There's been some comment discussion as to whether a couple of questions e.g. this one and this one have been on topic.

In my opinion:

  1. We should take care not to readily dismiss technical questions as being 'programming related'.

  2. It's worth asking whether (even if the question mentions a specific technique) it could be answered with reference to open issues in AI.

For example, quite a number of questions (most of which have, in my opinion rightly, been left open without issue) are concerned with how to choose features for learning. In one respect, this is the single biggest issue facing AI: the current vogue for DL approaches is precisely because of the progress they claim in this area.

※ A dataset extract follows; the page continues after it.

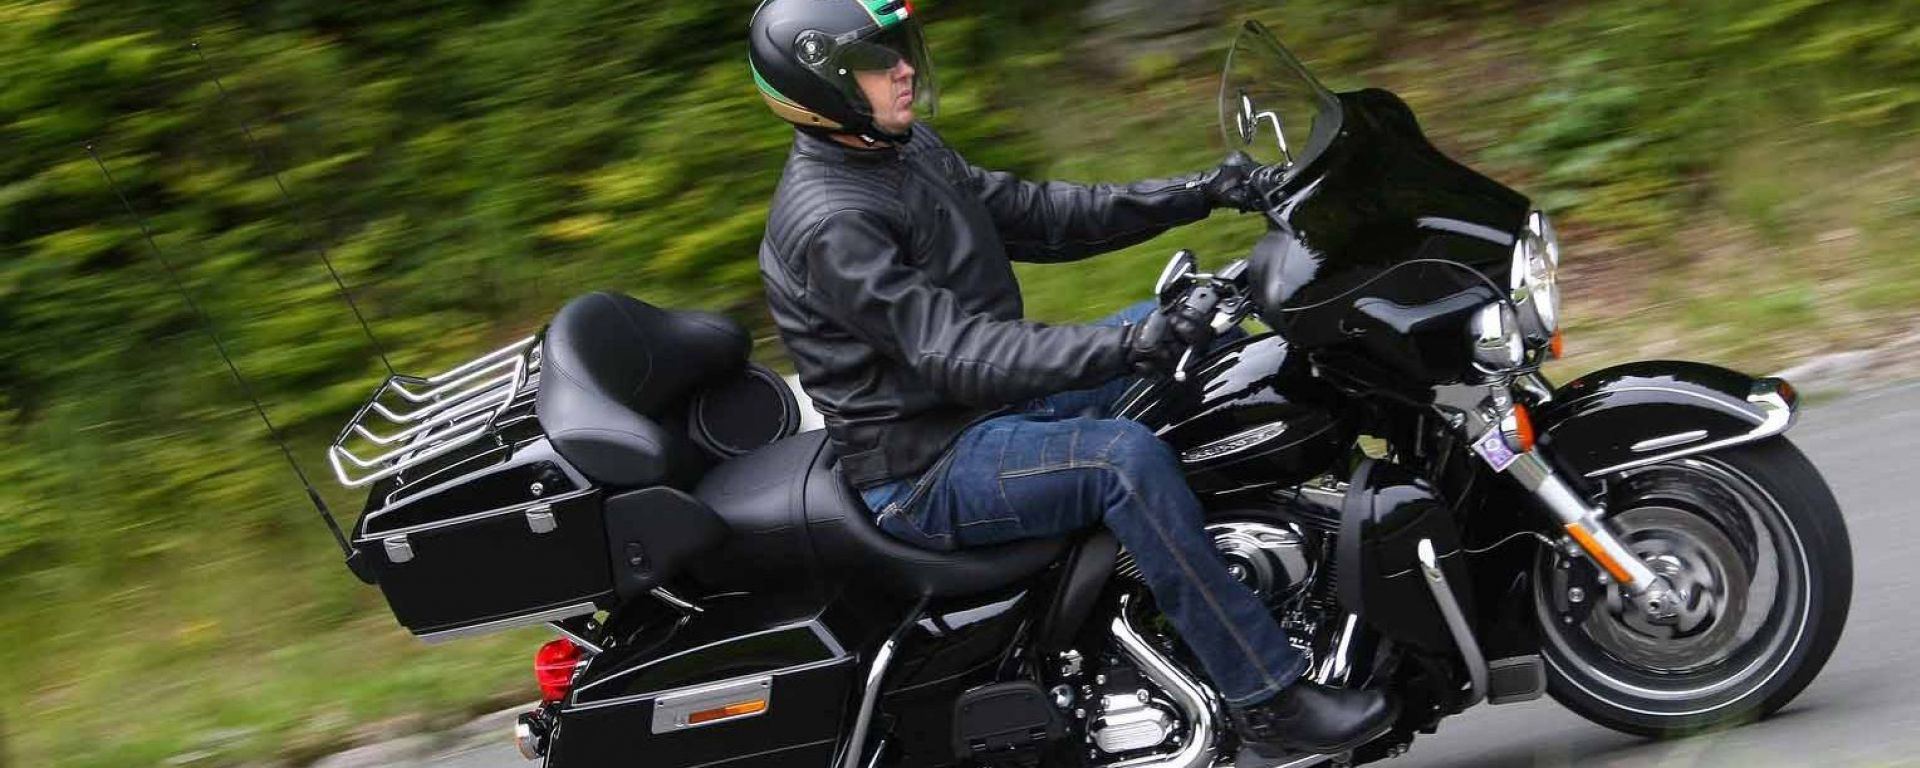 Harley Davidson MY 2011

In particular: the data science community has not solved this problem - they are in general consumers of relatively stable research, rather than at the cutting edge, as is the case for AI.

Hence, we maybe shouldn't dismiss these things as implementation if they can usefully be treated conceptually.

Perhaps we can use "Is this a solved problem (in research terms)" as a heuristic to help us here. There's certainly precident for this: it is precisely the distinction between the 'Mathematics' and 'Math Overflow' SE sites.


2 Answers 2


I would say that it's a judgment call on a case by case basis. I don't think there's a simple rule you can implement that can capture all of the nuance involved here. My feeling is, unless you say with pretty close to absolute certainty that a question which includes code would get a better answer somewhere else, it's better to err on the side of leaving it alone.

That a question might contain math is, to me, nearly completely irrelevant to whether a question belongs here or not. Irrelevant in that it's orthogonal to the issue of whether something is "conceptual" or "implementation". After all, math is the language of science.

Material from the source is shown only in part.